Читаем Рассказы и повести полностью

Над Нюньюгом по небу в зимние ночи полыхают острозубые костры сияний северных. За Нюньюгом, в морской глубине, летними ночами незаходимого солнца пожар стоит. А по болотным нюньюгским местам расползлась на все восемь разноименных сторон невеликая ягодка клюковка, единая радость голого места за полуночной, последней чертой. Еще растет по Нюньюгу брусничка, клюквина сестричка, матушке морошке сноха. Птица, протяжным криком осеняющая нюньюгскую весну, клюет ее. А еще курчавится в зыбинах мох белый. А на самой последней тупине, где ночные воды лижут непрестанно зуб-камень, встала посередь кукушкиных ковров единая сосна, рослая старуха, глухо шумящая на ветру.

Приходил сюда один самоедин смелый, молодой человек, по взбудному следу зверя. Ветер душу его к сосне пригвоздил. Провисела душа на гвоздике долгое множество лет. И состарилась. И скатилась к морю гнилым дуплом, безглазым отрубком.

* * *

Олень не тощ, а нарта справна, а малица не ветром стегана, — выехать тебе из Нели поране, к обеду сумеешь до Егорушки берегом домчаться.

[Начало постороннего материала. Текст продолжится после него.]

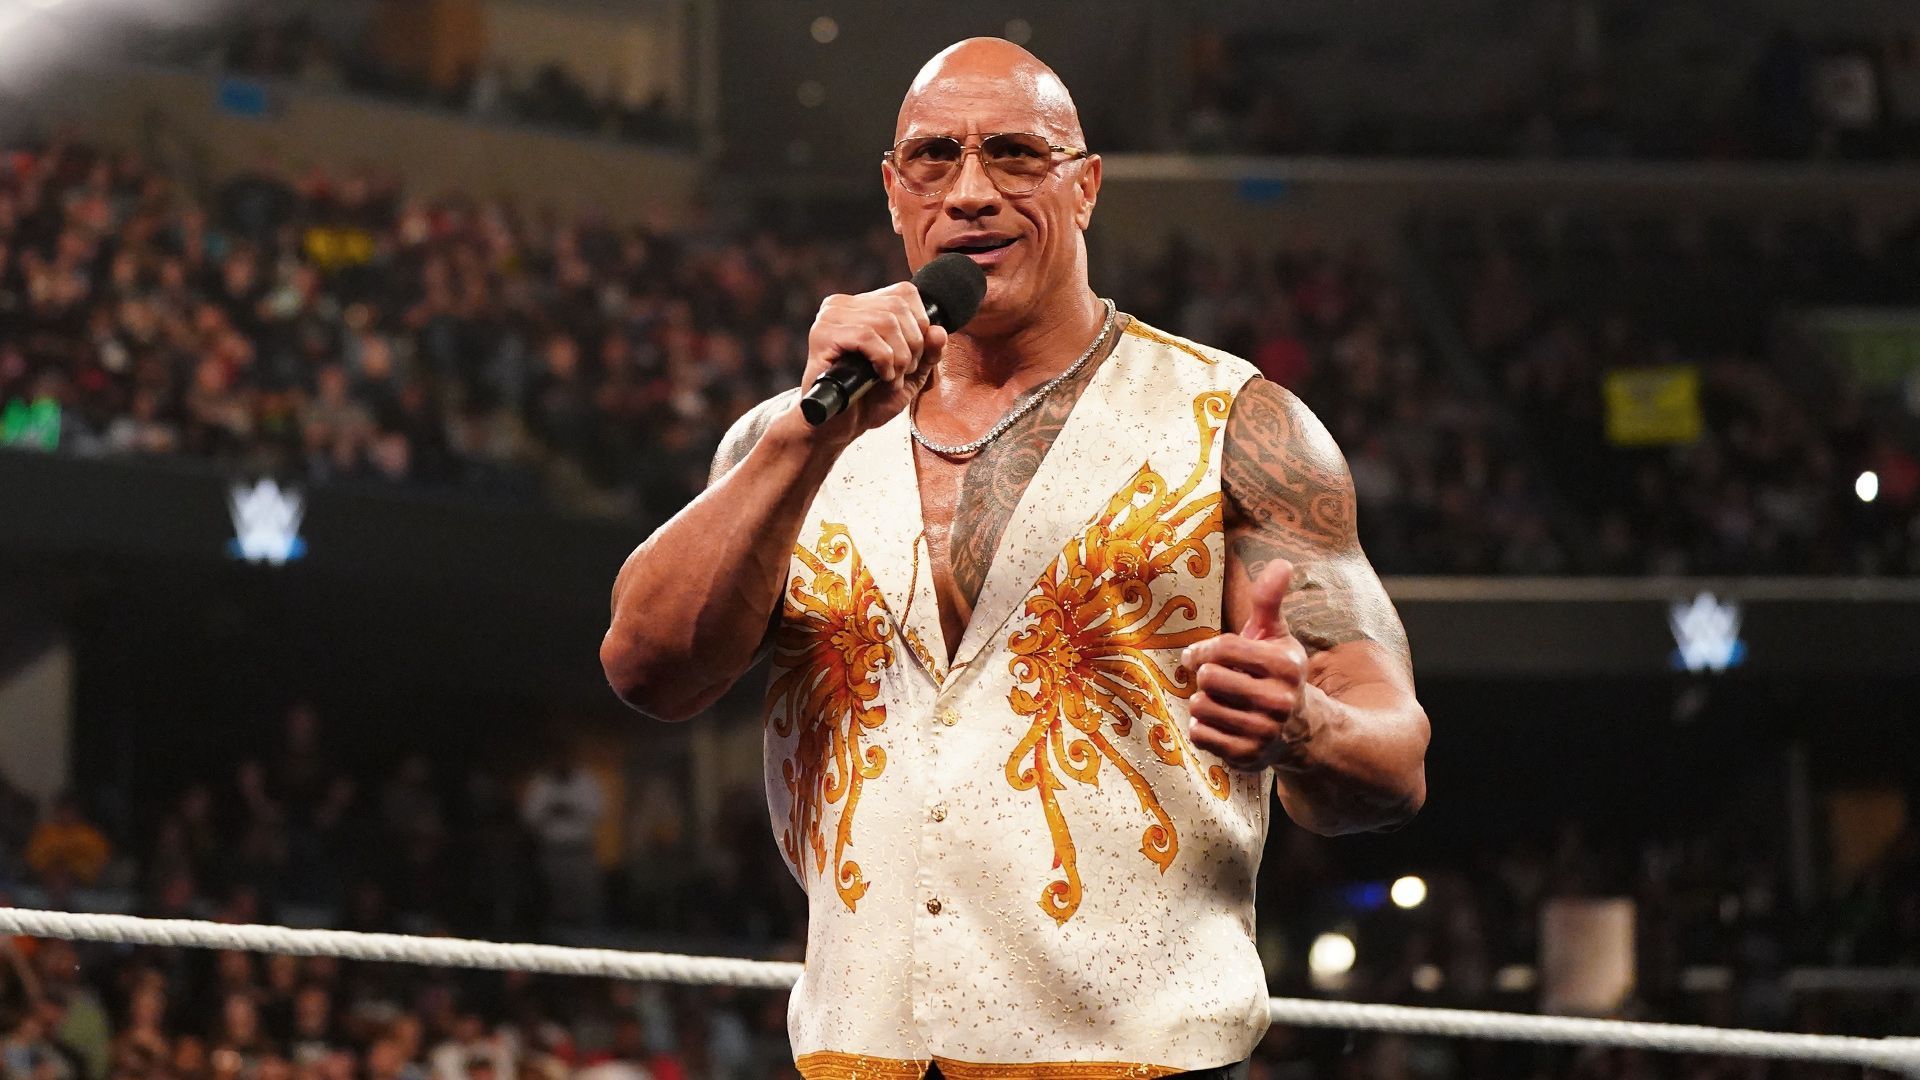 The Rock has made an impactful return to WWE.
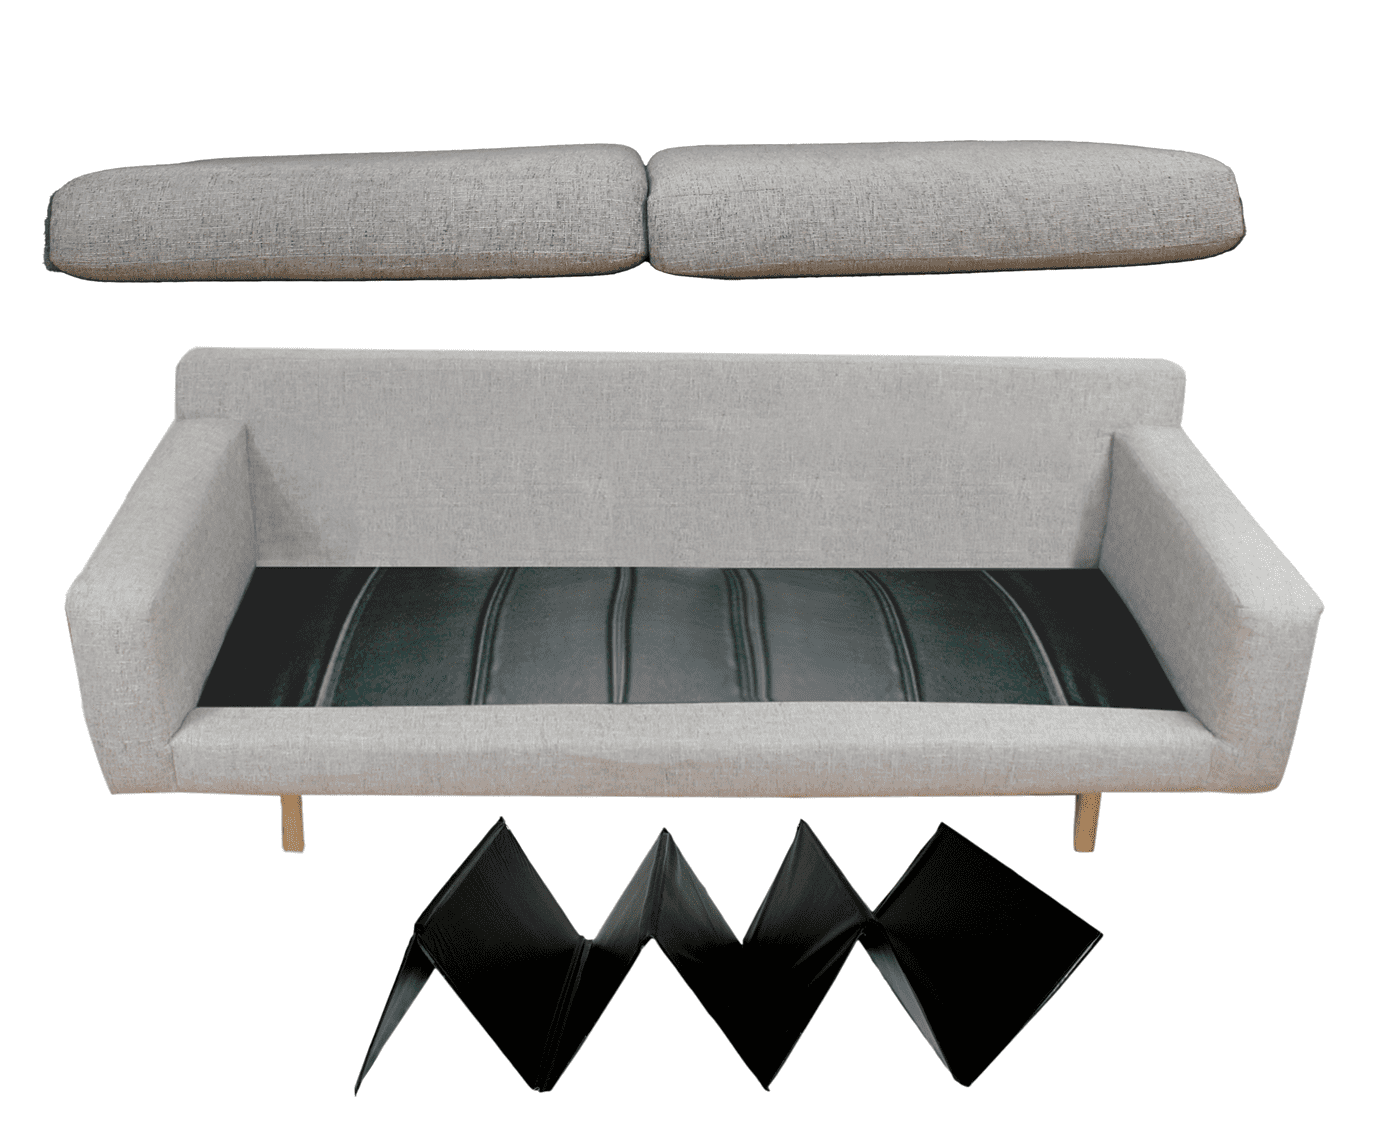  Stratiform Original Curve, 20x20 in 3-Pack - Medium, Elevate Comfort, Living Room Sofa Sag Support

Там забудешь под пресветлым взглядом его и про всякую скорбь жития и про то, что с головой тебя завеять сбирается встречный снег в кривом овраге над Выксунью.

Тихое неветреное небо живет в Егоре. Было утро однажды, чайки гнали криком воронью зиму, — белый ошкуй, на ледяном откосе с Егорушкай встретясь, земно поклонился ему, теленком мыча.

А в пору ту, когда рыхлой земле сырой отроду еще не боле трех дней было, наступил Никола нечаянно, землю дозором обходя, на смутную грань моря и суши первозданных и след свой оставил здесь… Промелькнули потом буйной оравой неуловленные в память дни, канули в пустотные тартарары вся сотня сотен и тьма тем. И в том Николином следу вырубил отец Егорушкин хижинку себе двуглазку и сараюшко к ней. А чтоб неповадно было косоглазым бурьям под крыши заглядывать, придавил он крыши каменными, круглыми лепехами.

Отошел однажды Егорушкин отец, деревянное распятье могилки его еженощно хорява-ветер целует, отправляясь на разбой. Прикупил тогда себе Егорушка карбасов новых два, сплел себе сильны яруса, взял жену себе, узкоглазую Иринью, Андрея Фомича дочь из поселка Нель… Иринья, вот она: в глазах ее щебечут серые ласковые пичуги, сердце же подобно обители веселых зайчат. Два лишь года отделили Егорушкину свадьбу от нонешнего дня.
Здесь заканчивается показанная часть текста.